A few universities have already reached out to the Pearl Project about installing the model into their programs, but Nomani and Todd want the idea to spread further. And although they’re still working out the kinks, they’re certain that their template can be mimicked. Here are some of the things they’ve learned so far:
— It’s important to determine the length and scope of the investigation. One semester? Two? The group’s probe of the Daniel Pearl slaying took more than three years; their current project will likely not come close to that. Todd and Nomani also advise that you figure out how much support your project has — both financially and administratively — before jumping into anything. It’s better to know your limitations — in both time and resources — before deciding what you’ll be investigating.
— Find a media partner early. A news organization will be more likely to publish your work if they are involved from the start. And getting a commitment before the semester begins will save time. But, they warn, make sure your team does the reporting legwork, not the media partner’s reporters or editors.
— Decide on an investigative topic the first week of class, and assign students to reporting beats by the second. The reporting beats focus on different angles of the story. The students should then be divided into groups with specific tasks based on specialty — for example, one student is the photographer, one’s the video journalist, and one’s the team leader.
— What exactly should the finished product look like? That obviously depends on the subject matter, but for reference, here’s what the Pearl Project aims to produce: A written narrative, a photo slideshow, audio, video, documents, and a public page (using Google Docs or a university-built wiki) that illustrates how the project was completed.
The Pearl Project model has flaws, with the most visible one being the academic calendar. A semester is less than four months, and nailing down a story idea, finding sources, conducting interviews, writing, and pitching will eat up most of the semester, if not all of it. A previous group of students spent their semester digging up information on human rights issues in the Democratic Republic of Congo.
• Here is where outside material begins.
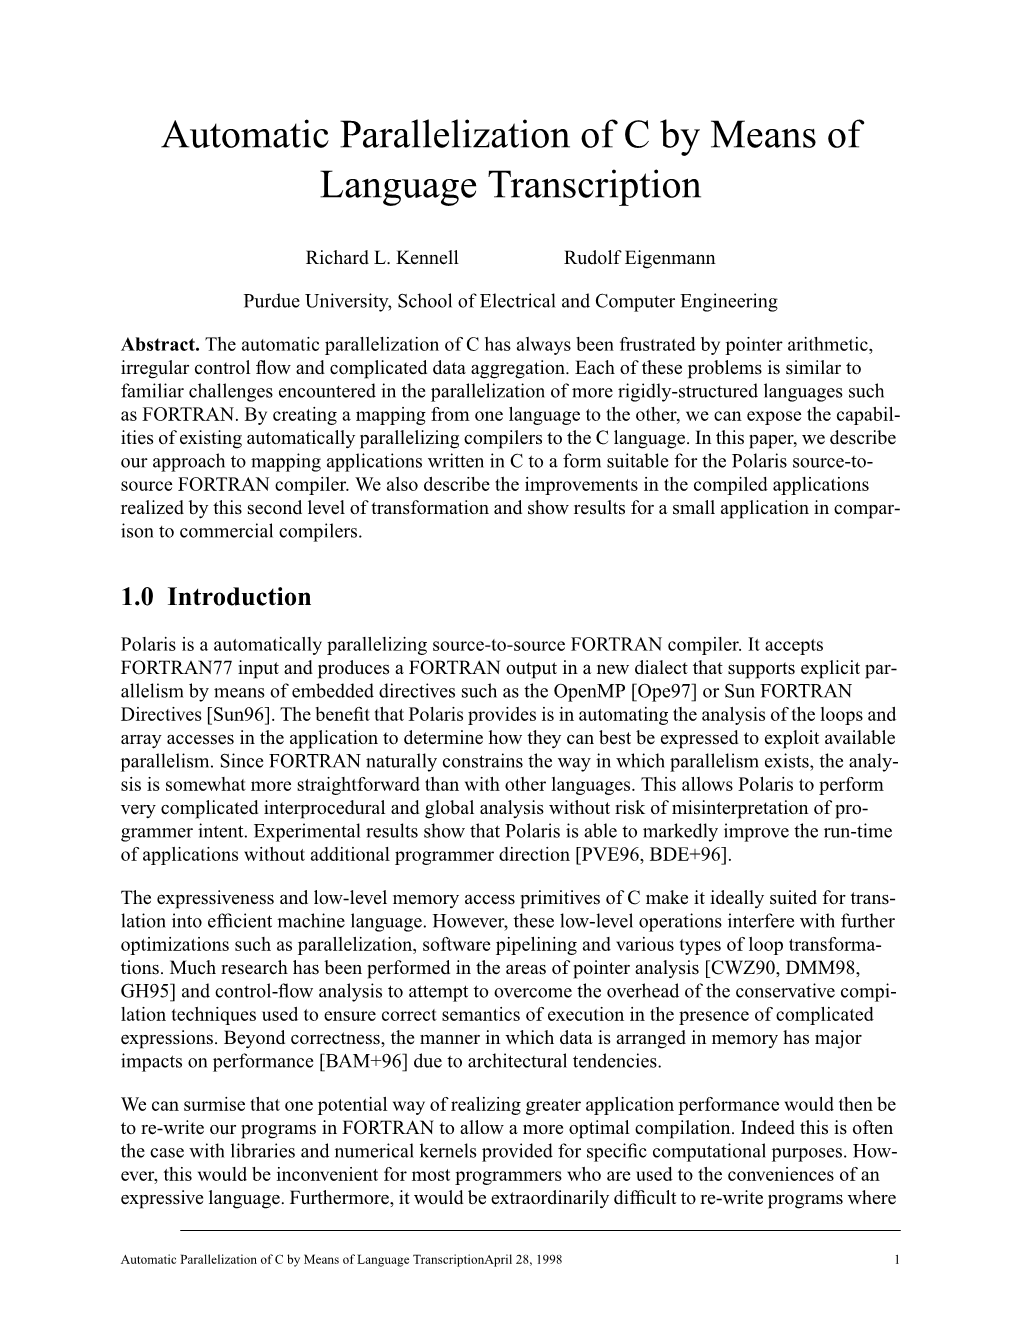 Automatic Parallelization of C by Means of Language Transcription

Nomani and Todd were pleased with the work their students did, but they didn’t have anywhere to publish the story and time simply ran out at the end of the semester.
The solution? Well, they don’t have a clear-cut one (the two are still refining their syllabus before making it publicly available). One idea they’re toying with is to have students in one semester pick the story for the next semester’s students. Another thought is to begin as an online course, before classes first meet, to get a head start.
But for now, Nomani says a key first step is to “come to a sense earlier rather than later of what it is that you’re going to try to publish. Because it’s really easy to have every student come up with a different story, but guaranteeing publication of the stories as a package is hard to do.” And that’s where news organizations factor into their master plan.